В те времена женщины боярских родов жили замкнуто, среди купечества вообще, и особенно в Новгороде, стоявшем особняком среди городов русских по своим постоянным сношениям с «иноземщиной», нравы были много свободнее и девиц новгородских не прятали по теремам и под фатою.

Молодые люди и девицы встречались друг с другом и вели разговоры у ворот на заваленках, на улице и в домах, на «вечерках» и «беседах», как назывались в Новгороде такие сборища.

Молодые люди столковались, и Афанасий Терентьев обратился к своему отцу с просьбой заслать сватов к Федосею Иванову, как звали дядю Елены Карповой.

Сваты были засланы. Сватовство принято, и между отцом жениха и дядей невесты произошло рукобитье.

Невесту, как водится, пропили.

Вскоре сыграли и свадьбу, а через несколько лет отошел к праотцам и Федосей Иванов, оставив все свое обширное торговое дело своему зятю, Афанасию Терентьеву.

Видимо под одной «счастливой планидой» родились и отец, и сын Горбачевы – так одинакова была их счастливая судьба.

Умер вскоре и Терентий, ранее года за два потеряв свою жену, и Афанасий Терентьев, получив отцовское наследство, расширил еще более торговые обороты.

Дело Горбачева стало приобретать немалое значение и вес в новгородском торговом мире.

Годы шли. Афанасий Терентьев старился, но на подмогу ему и на поддержание торговли подросли двое сыновей: Афанасий, названный в честь отца, и Федосей, в честь дяди матери.

Жена Афанасия Терентьева не дождалась возмужания сыновей и умерла, когда Афоне шел одиннадцатый, а Федосею девятый год.
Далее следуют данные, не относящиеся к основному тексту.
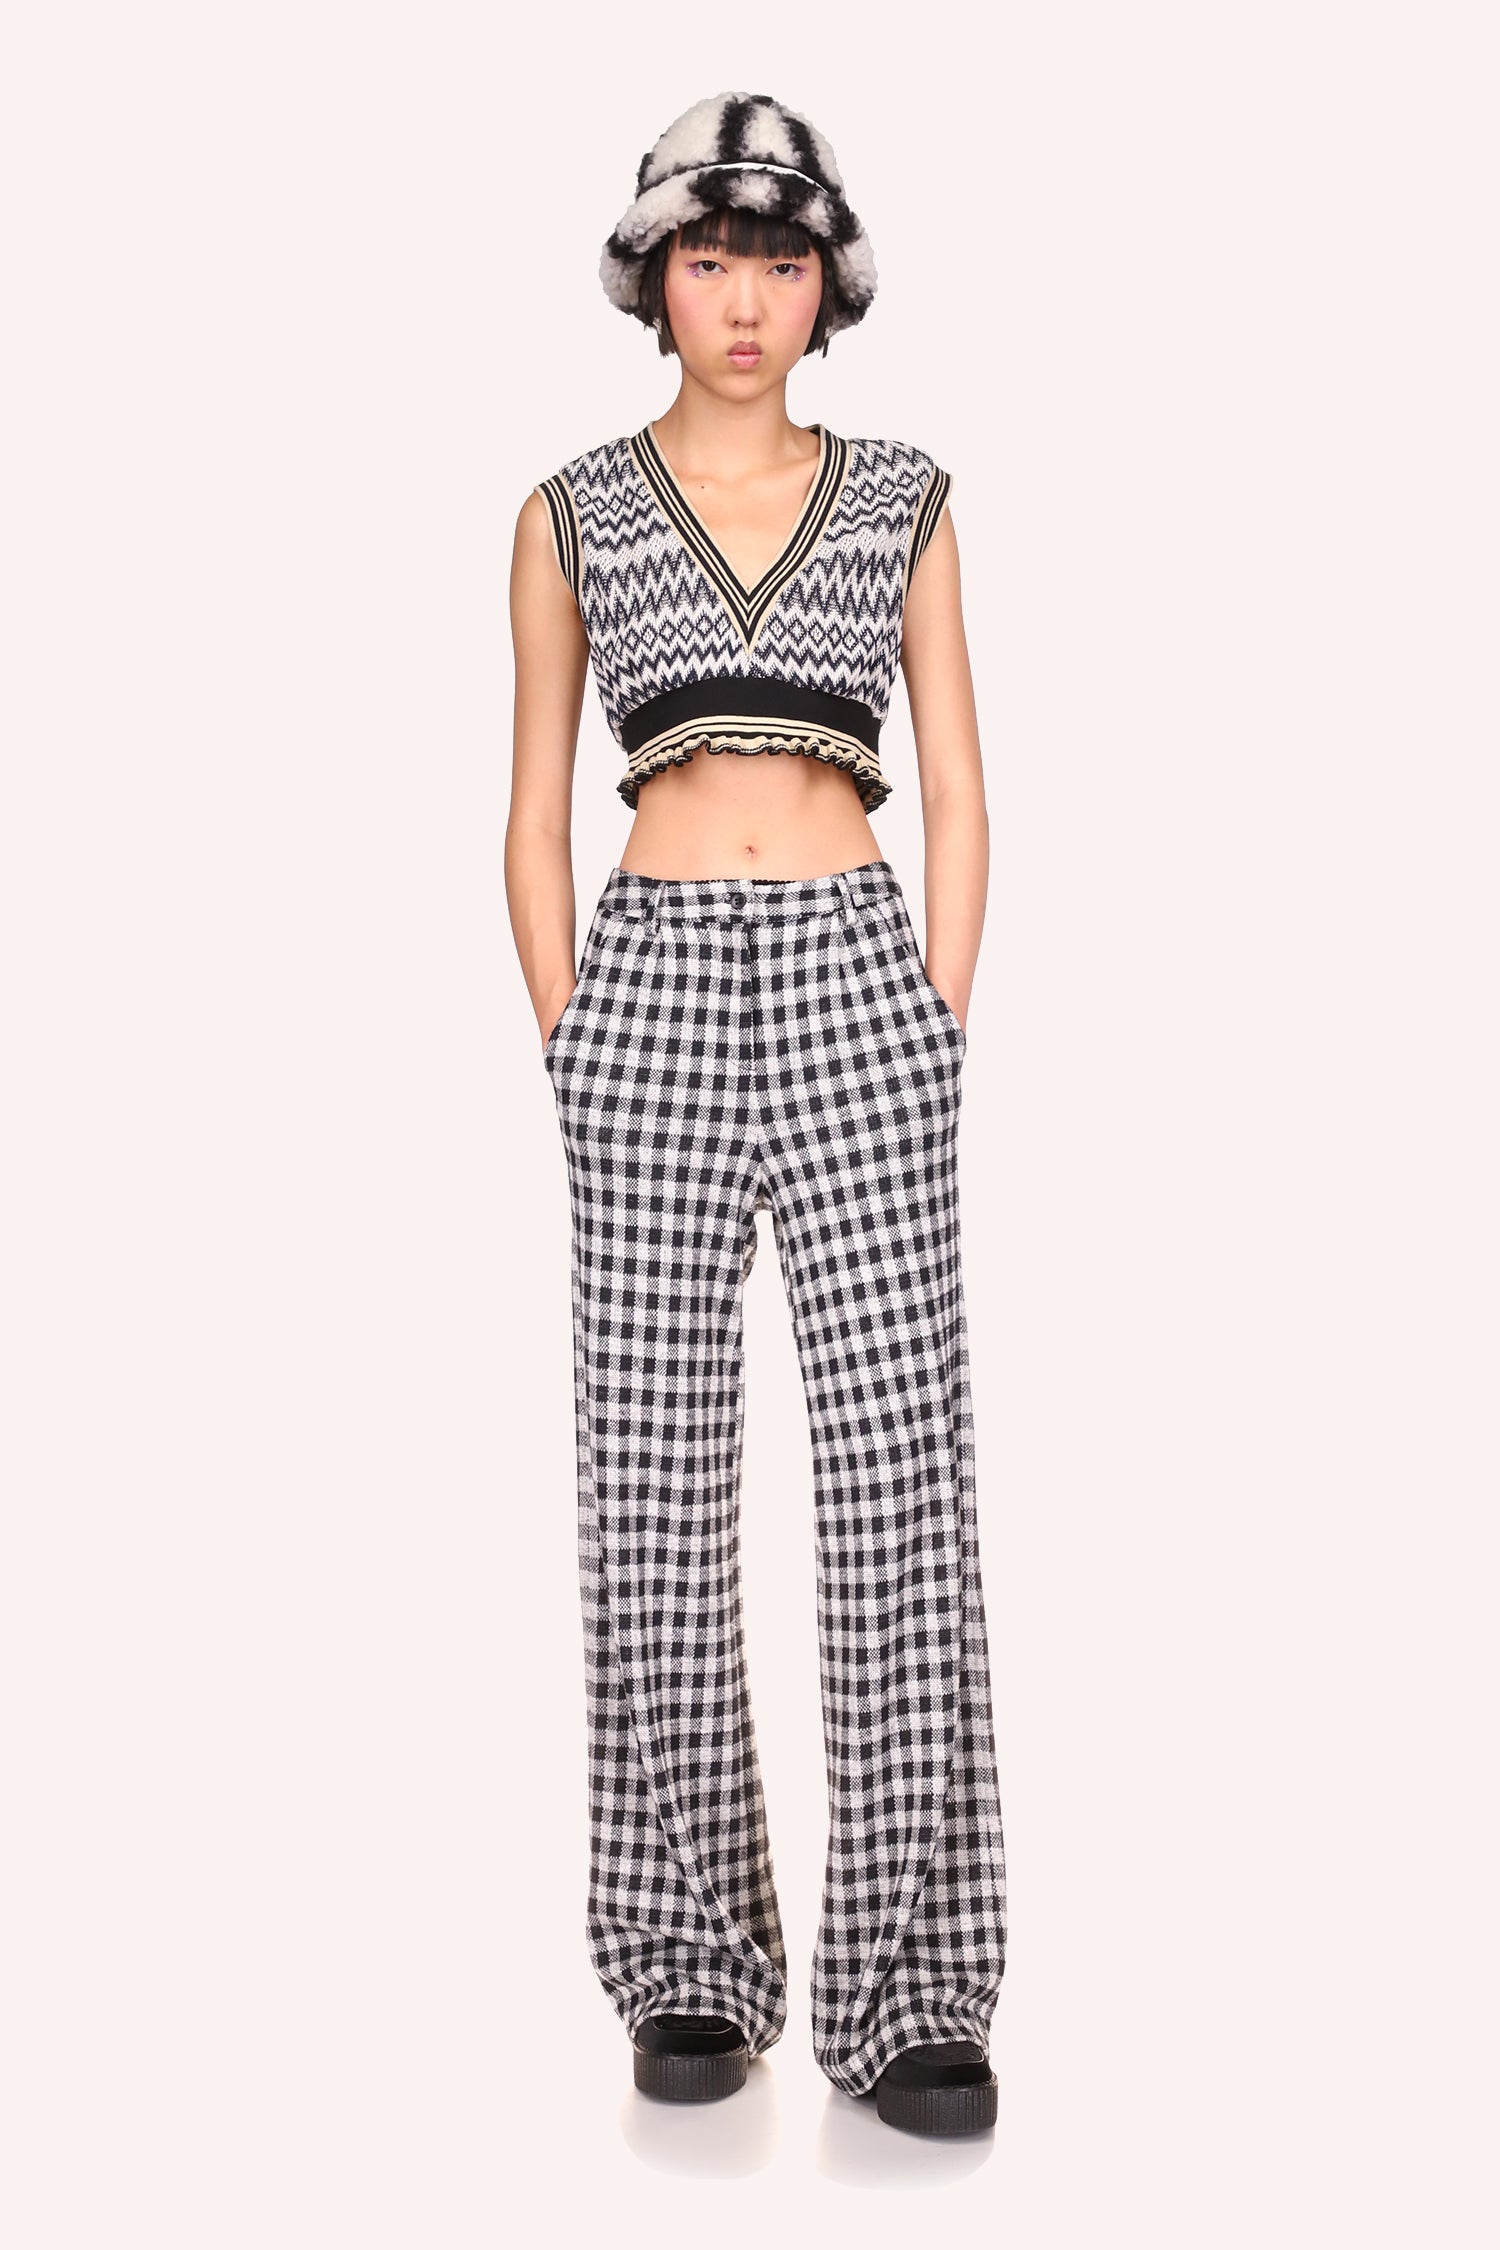 The black Zigzag patterned vest paired with the black Gingham checkered pants accentuate and enhance your curves

Отец стал приучать их с измальства к торговле, а когда они вошли в года и Афанасию пошел двадцать первый, а Федосею девятнадцатый год стал поручать им действовать самостоятельно. Старший пристрастился к делу отца, а младший пожелал заняться другой торговлей, и отец открыл ему лавку с красным товаром.

По смерти отца братья разделили отцовский капитал по божески, и каждый занялся своим делом, сохранив друг к другу братскую привязанность, очень нередкую в ту далекую от нас эпоху, эпоху патриархального семейного быта.

Время последних дней видимо еще было далеко, и брат не восставал на брата и не таскал его по судам.

Такова несложная история братьев Горбачевых, – «крамольников», как назвал их Григорий Лукьянович.

Добавим, что Федосей Афанасьевич еще при жизни отца женился на красивой новгородской купеческой дочке Наталье Кузминой Роговой, и Бог благословил его большим потомством: пять дочерей и четыре сына мал мала меньше, почти все погодки, составляли семью Федосея Афанасьевича.

Вскоре после смерти отца он со всей семьей перебрался на жительство в Александровскую слободу, оставив свою новгородскую лавку под зорким глазом старшего брата, так расширившего по своей части торговые обороты, что имя его гремело на всех иноземных рынках, а в Новгороде он стал «излюбленным гражданином».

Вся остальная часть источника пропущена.